サイオステクノロジーは2月24日、同社の足下の事業環境と経営戦略について記者会見を開催した。同社はGoole Appsを柱としたクラウド事業に注力しており、導入支援サービスにおいては昨年12月末現在で70万アカウント以上の実績を持つ。説明会では、パブリッククラウドサービスの拡大見通しとシステム投資に対する企業の姿勢の変化、その中での差別化戦略をサイオステクノロジーがどのように描くかが語られた。
サービスを買う市場が成長--「SI市場は終えんへ」
サイオステクノロジー
喜多伸夫社長
サイオステクノロジー代表取締役社長の喜多伸夫氏は、企業ITにおいてパブリッククラウドの活用が進む領域として、Google Appsに代表されるグループウェアやSalesforce.comなどの営業支援システムを挙げ、ノンコア領域における企業のIT投資姿勢が初期費用を極力抑えたランタイムライセンスに傾いてきていると説明。サービスを買う市場が成長しており、従来のようなフルスクラッチのSIは選別されにくくなっており、「SI企業及びIT技術者が淘汰される時代」が始まっていると強調した。
こうした事業環境において、パブリッククラウド導入支援を事業の中核に据える同社は、どのように収益性を確保していくのか。
喜多氏は「まだまだ利用者のニーズとして、既存のGoogleAppsでも解決できないような問題は多岐にわたる。ユーザーが実際に使う際に出てくる要求に的確に答えられるソリューションを揃え、ユーザーが快適な環境を享受できるようにすることが重要。市場でそこまでできている同業企業はまだ少数」とみる。この部分にパブリッククラウド導入サービスの差別化の鍵があり、国内でいち早く参入した同社の強味になると話す。
こうして従来型のSIとは異なる事業モデルを明確に打ち出す同社だが、SaaSビジネスの収益性については「儲かるのかどうかという部分で市場の関心が高いようだが、我々の柱であるオープンソース事業がそもそも無料のソフトウェアをベースにした事業。

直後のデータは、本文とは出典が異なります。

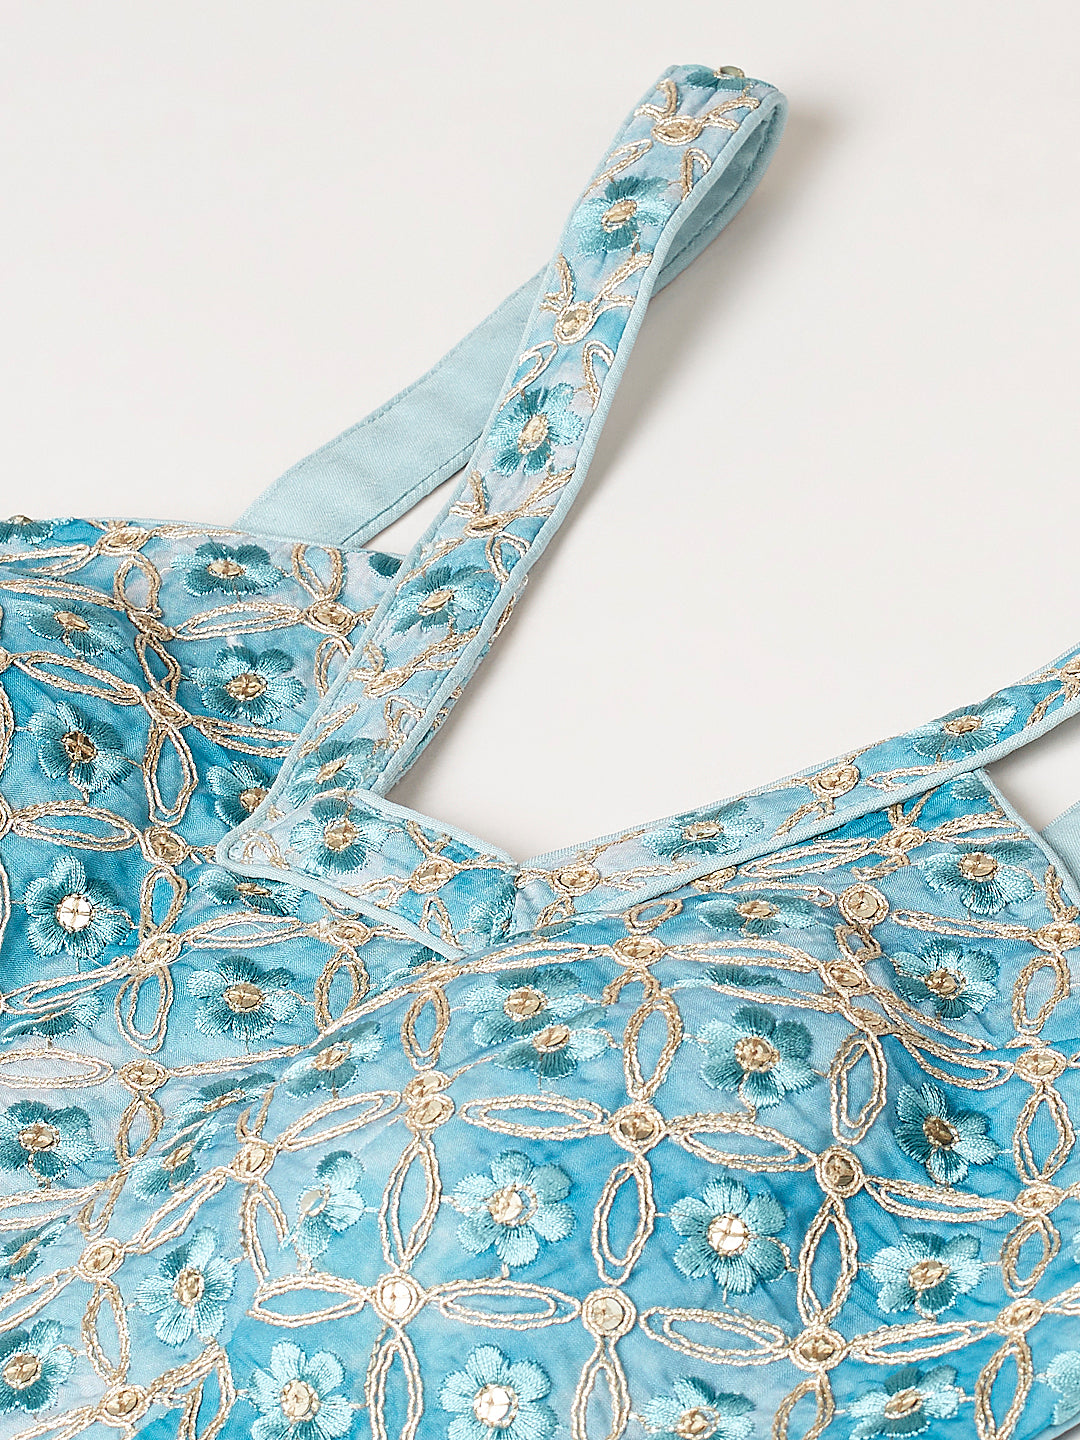 Women's Turquoise Blue Organza Floral Printed Semi-Stitched Lehenga Choli & Dupatta - Royal Dwells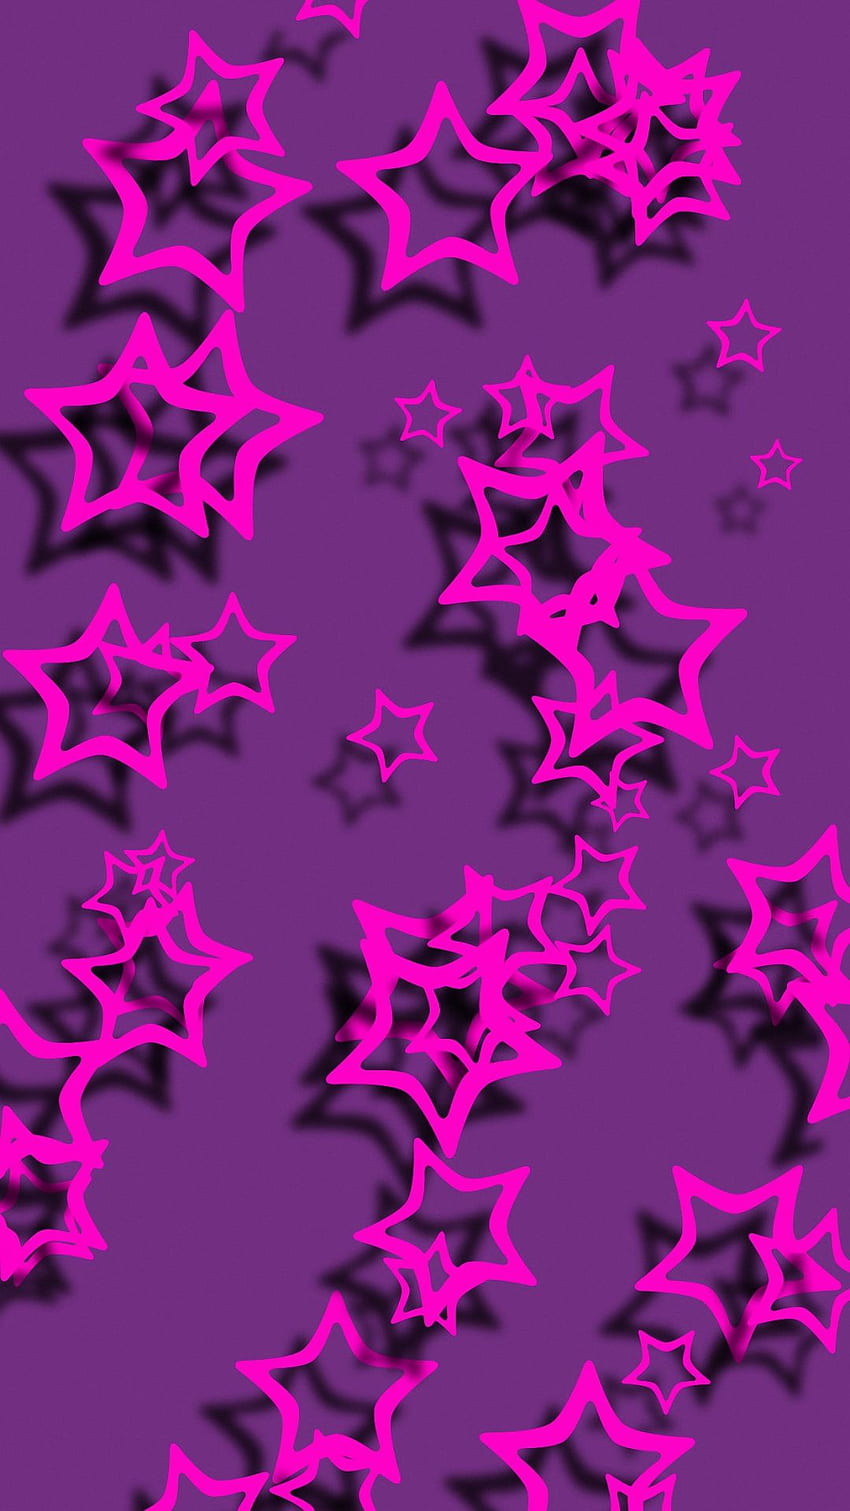 Free Pink Star Background  EPS Illustrator JPG SVG  Templatenet

その意味でも他社と比較して収益面での能力は高いし、今のところかなり市場をリードしてやれている」という。
グローバル展開における中国リスク
会見では、同社の海外展開についての考え方にも質問が及んだ。特に現状、中国では使用が難しいGoogleのサービスに軸足を移すことについてどのように考えているのだろうか。
喜多氏は「確かに中国の問題は非情に頭が痛い。現地でVPNを通して、というのも技術的には可能かもしれない。しかしイリーガルとまではいかないまでも、そのような形をエンドユーザーが受け入れ、ITインフラを整えるかといえば二の足を踏むと思う」との認識を示した。だが中国以外の海外については「Googleに関しても他の事業継続関連についても、グローバルに展開しようということを考えている。これについては追って発表したい。Gluegent Apps等のサービスは海外展開準備を粛々と進めている」と展望を語った。